А вообще история фотографии началась в конце XVII века. В 1694г немецкий химик, медик и естествоиспытатель Вильгельм Хомберг описал фотохимические реакции, когда вещества изменяют окраску под действием света. Он же обратил внимание на чувствительность к свету нитрата серебра. Первым человеком, доказавшим, что свет, а не тепло делает серебряную соль тёмной, был немецкий физик Иоганн Генрих Шульце в 1725г (из Википедии)
17
Дома, ожидаемо, Алистера не было. Конечно, он был на плантациях. Была миссис Карэн и слуги. Матушка встретила Мэрил с распростёртыми объятиями. Ни словом, ни взглядом не попрекнула невестку за то, что та на целых два года покинула её сына. Всплакнула только.

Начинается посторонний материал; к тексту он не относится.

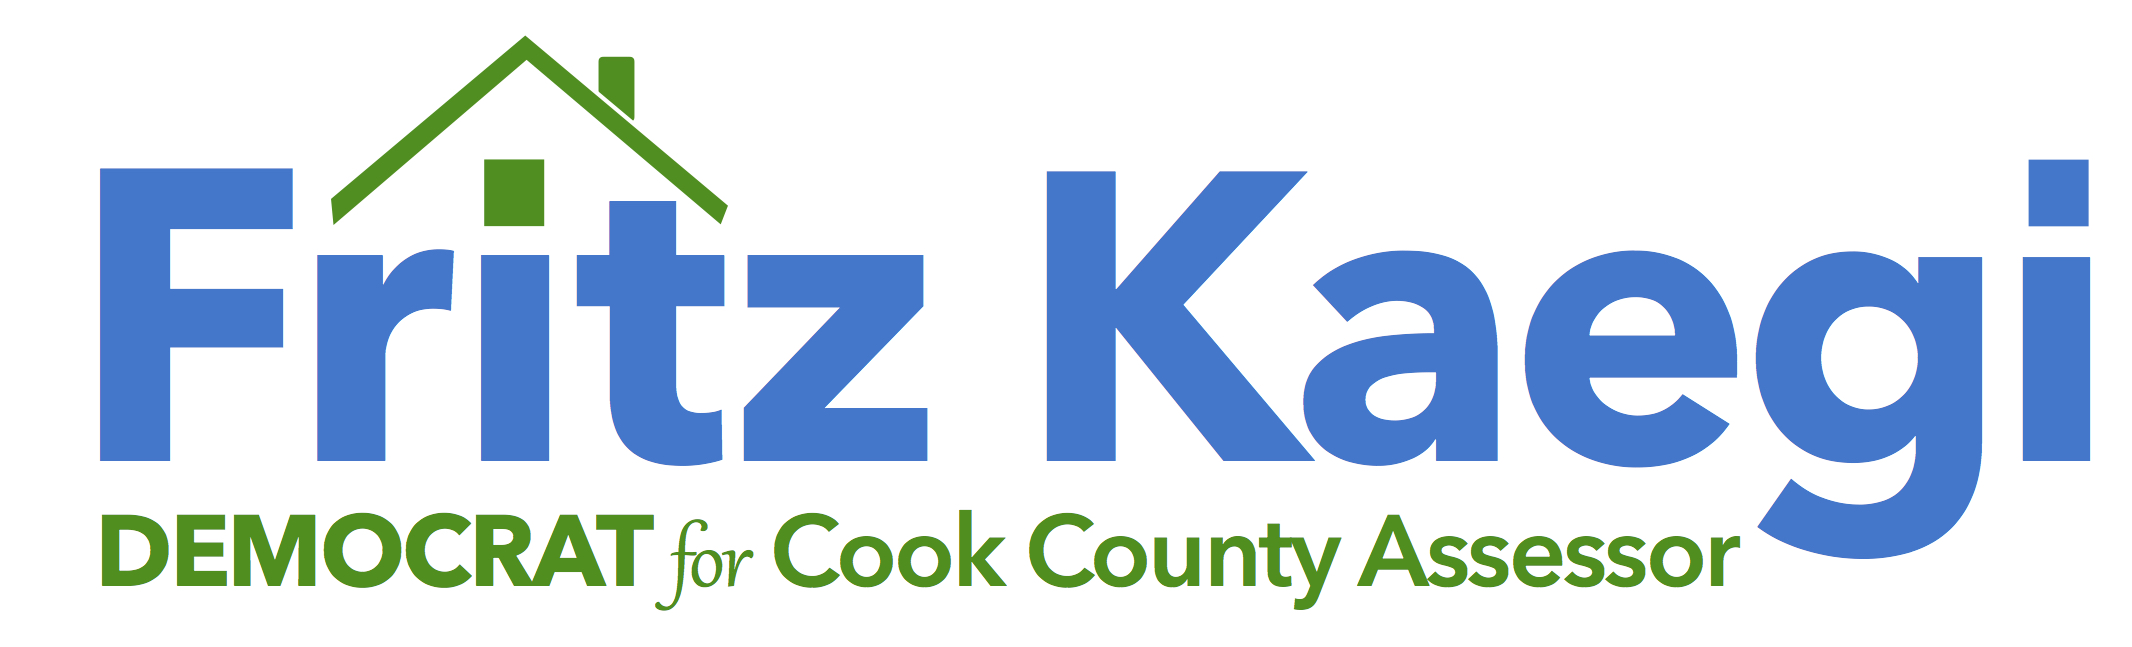 Fritz Kaegi for Cook County Assessor
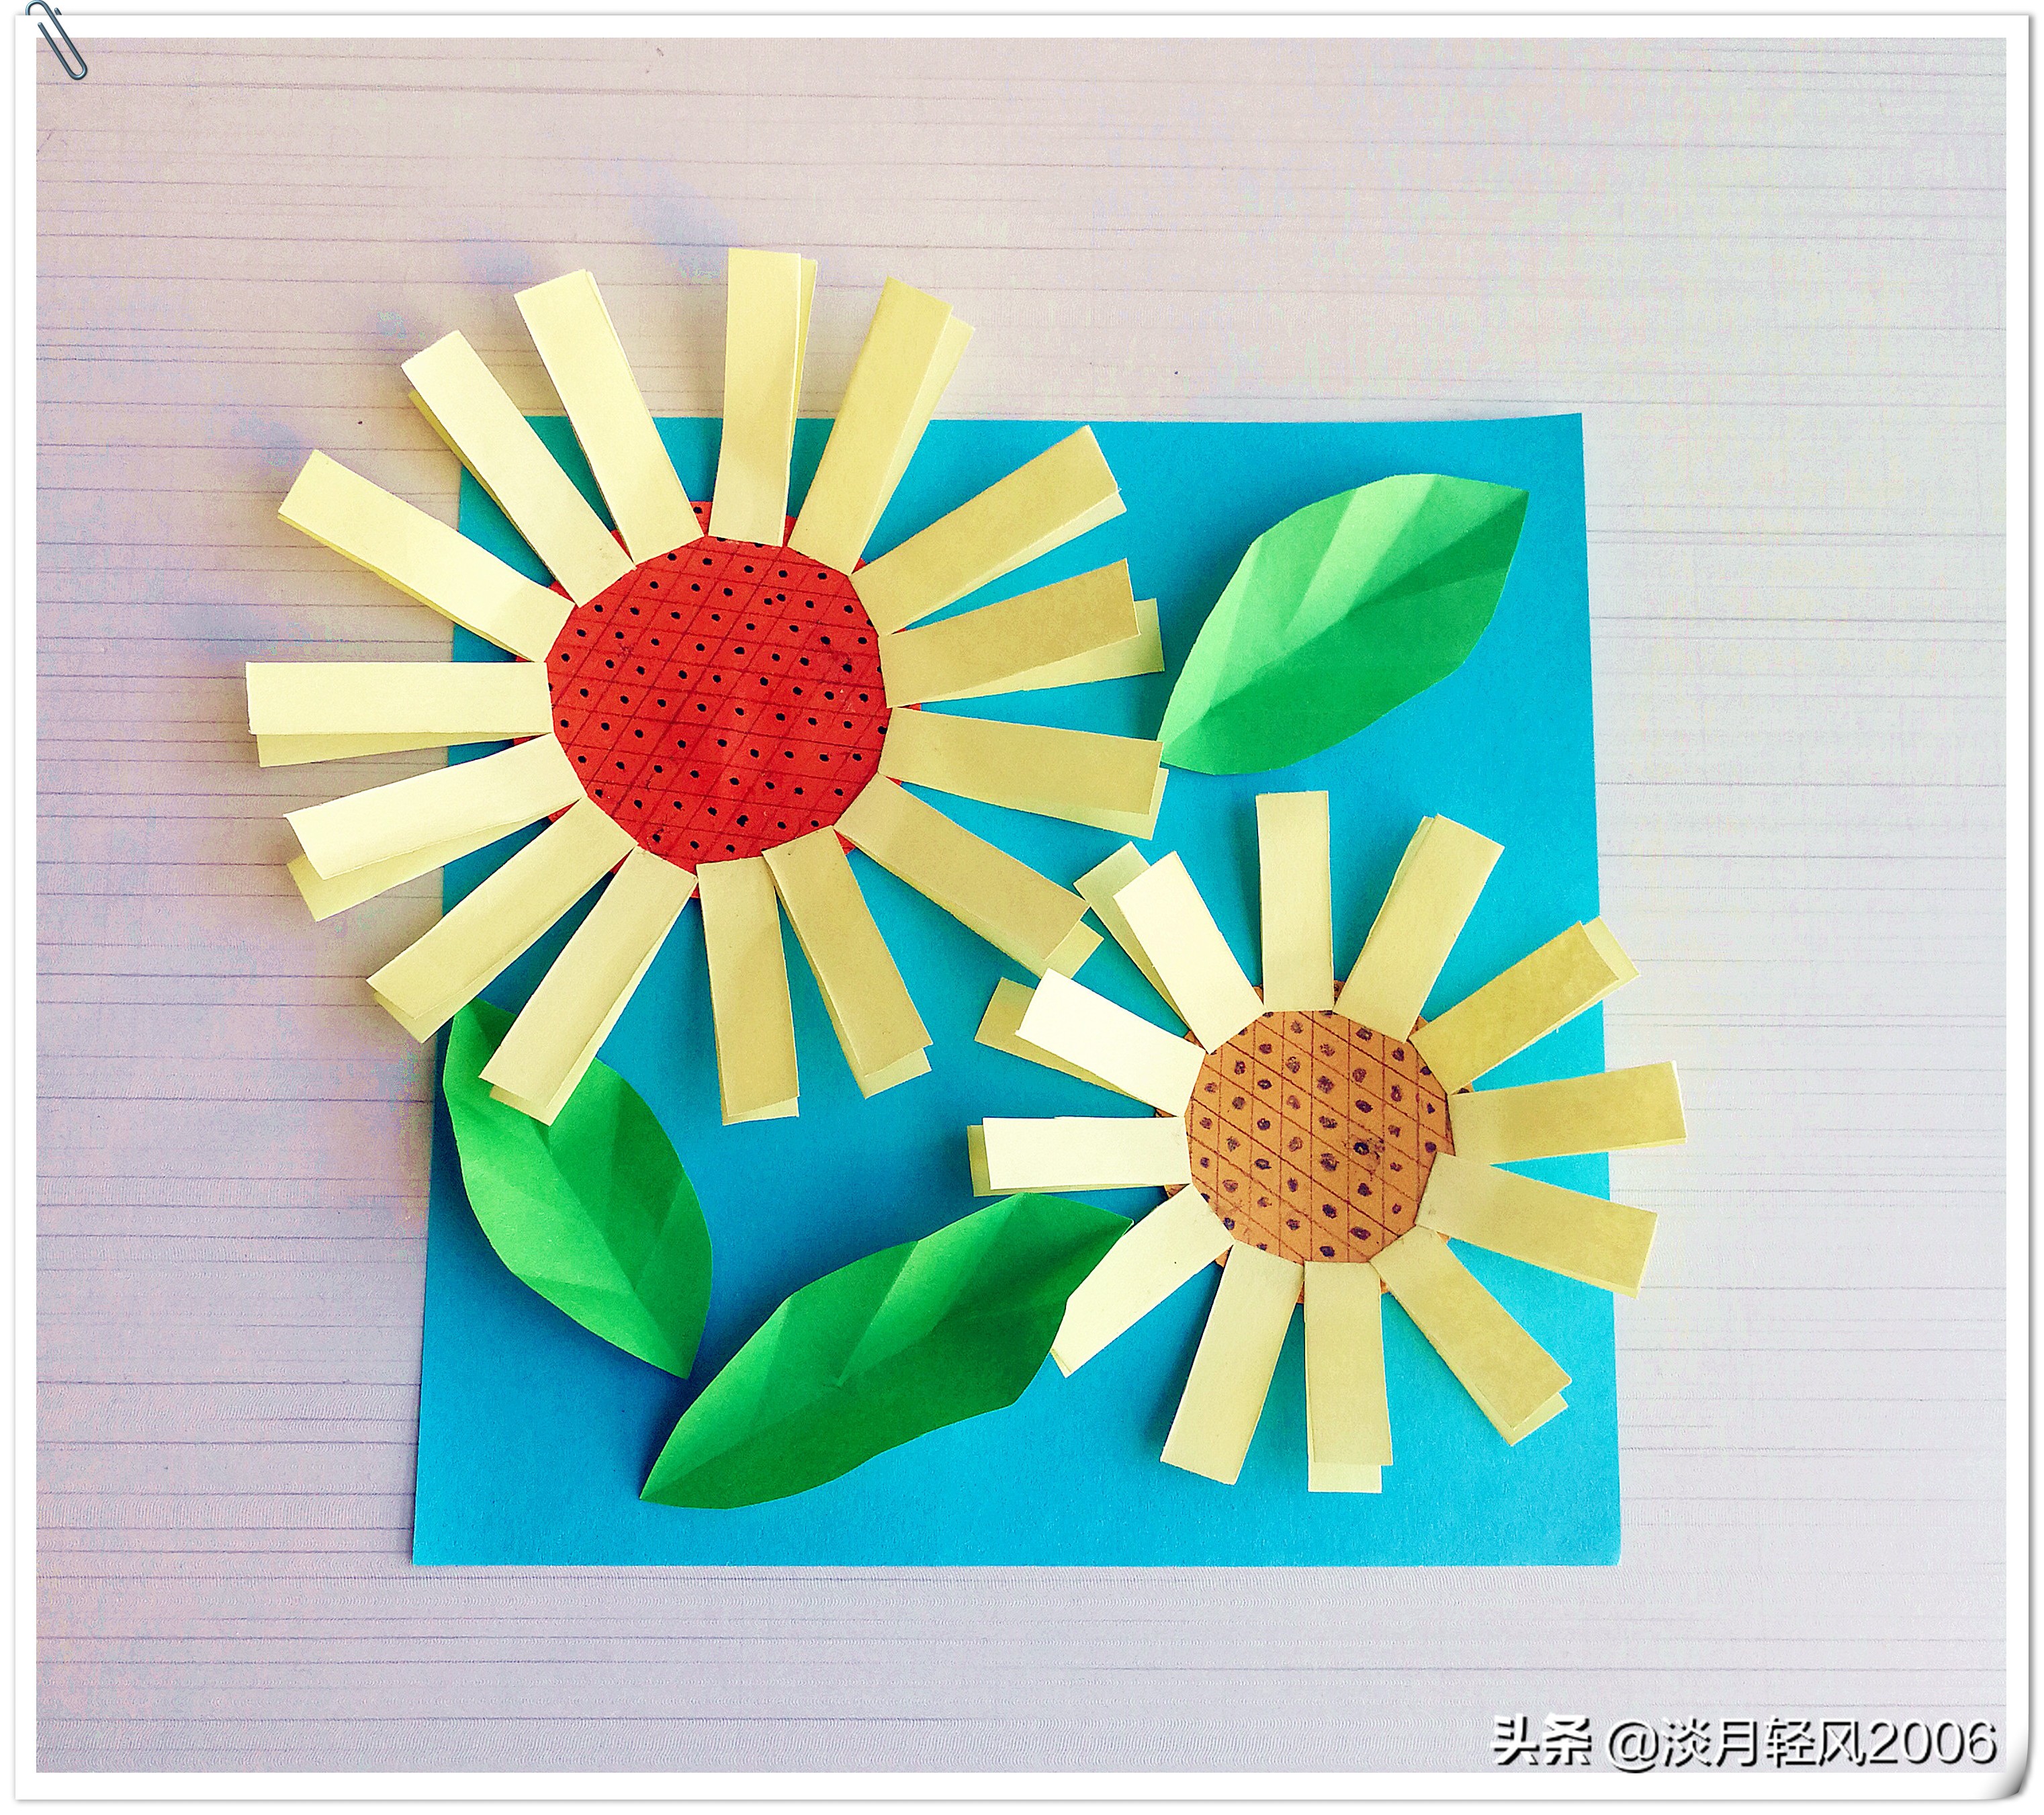 幼儿小手工,简单卡纸手工,用彩色卡纸粘贴向日葵,好学又漂亮

У Мэрил не хватило терпения дождаться мужа дома. Она велела оседлать коня и в сопровождении Коди поскакала к мужу на плантацию.
* * *
Оцепенев, Алистер смотрел на стремительно приближающуюся к нему всадницу, сердцем узнавая в ней жену. Прошло уже две недели, как он отправил Мэрил письмо, полное отчаяния, но ответа так и не получил. И сейчас застыл изваянием, боясь поверить, что её появление это и есть её ответ. Ответ, на который он даже не смел надеяться. Ведь что может означать её приезд, как не то, что она отвечает на его чувства?!?
Мэрил резко остановила коня перед лошадью Алистера и выпалила фразу, которую составила ещё в Мемфисе, и которая звучала в её голове ударами по барабану под стук копыт:
– Я решила, что лучший способ дать тебе знать, где я нахожусь в «данную минуту», это жить с тобой по одному и тому же адресу, – и, всё же, добавила, – Если ты не против, конечно…
Алистер столь молниеносно соскочил с коня, что Мэрил и глазом моргнуть не успела, как уже стояла на земле в его крепких надёжных объятиях и была застигнута врасплох его страстным поцелуем. Первым за два с половиной года их супружеской жизни. (Нельзя же, в самом деле, считать поцелуем скромные прикосновения губ Алистера к щеке Мэрил во время свадебной церемонии?!)
А потом Алистера накрыла волна радости. Бурлящей, безграничной. Он приподнял Мэрил и закружил.
– Я люблю тебя! Ты выйдешь за меня замуж?
– Дурачок! – рассмеялась Мэрил, – Я же уже за тобой замужем! Я тоже тебя люблю!
18
Безмятежное счастье супругов Симпл было нарушено приходом в их дом Рассела Симпла…
Внутри Рассела будто что-то сломалось после того, как он остался в полном одиночестве. И дело было не только в том, вся семья переехала на другое ранчо. Даже всех домашних слуг он лишился. Теперь его окружали новые лица. Их надо было натаскать, чтобы они обеспечивали тот уровень комфорта, к которому он привык. Их надо было вышколить, чтобы слушались беспрекословно. К ним надо было привыкнуть, в конце концов.
Первое время он ещё хорохорился. Как только смог подняться с постели, отправился в город. Искать узду на сына. На доктора Фёрста полагаться не приходилось, он ясно дал понять, что свидетельствовать против Алистера не будет. Но Рассел был уверен, что шерифу, с которым было выпито немало галлонов пива, будет достаточно одного его слова.
Биглоу выслушал Симпла-старшего со всем уважением, но помочь отказался. Показал ему стопку жалоб на него, открыто сказав, что это только за последний год. Фамилии жалобщиков скрывать не стал. И Рассел понял, что за поддержкой он может обратиться едва ли только к половине своих знакомых.
В банке, в Имущественном и Земельном комитетах только развели руками, и, сославшись на подписанные им документы, посоветовали обратиться в суд. Симптоматично, что с ним разговаривали не главы этих уважаемых учреждений, а их заместители, чего раньше никогда не было. И вообще, от всех этих разговоров у Рассела осталось стойкое ощущение, что над ним насмехались. Где-то глубоко внутри он у них вызывал усмешку…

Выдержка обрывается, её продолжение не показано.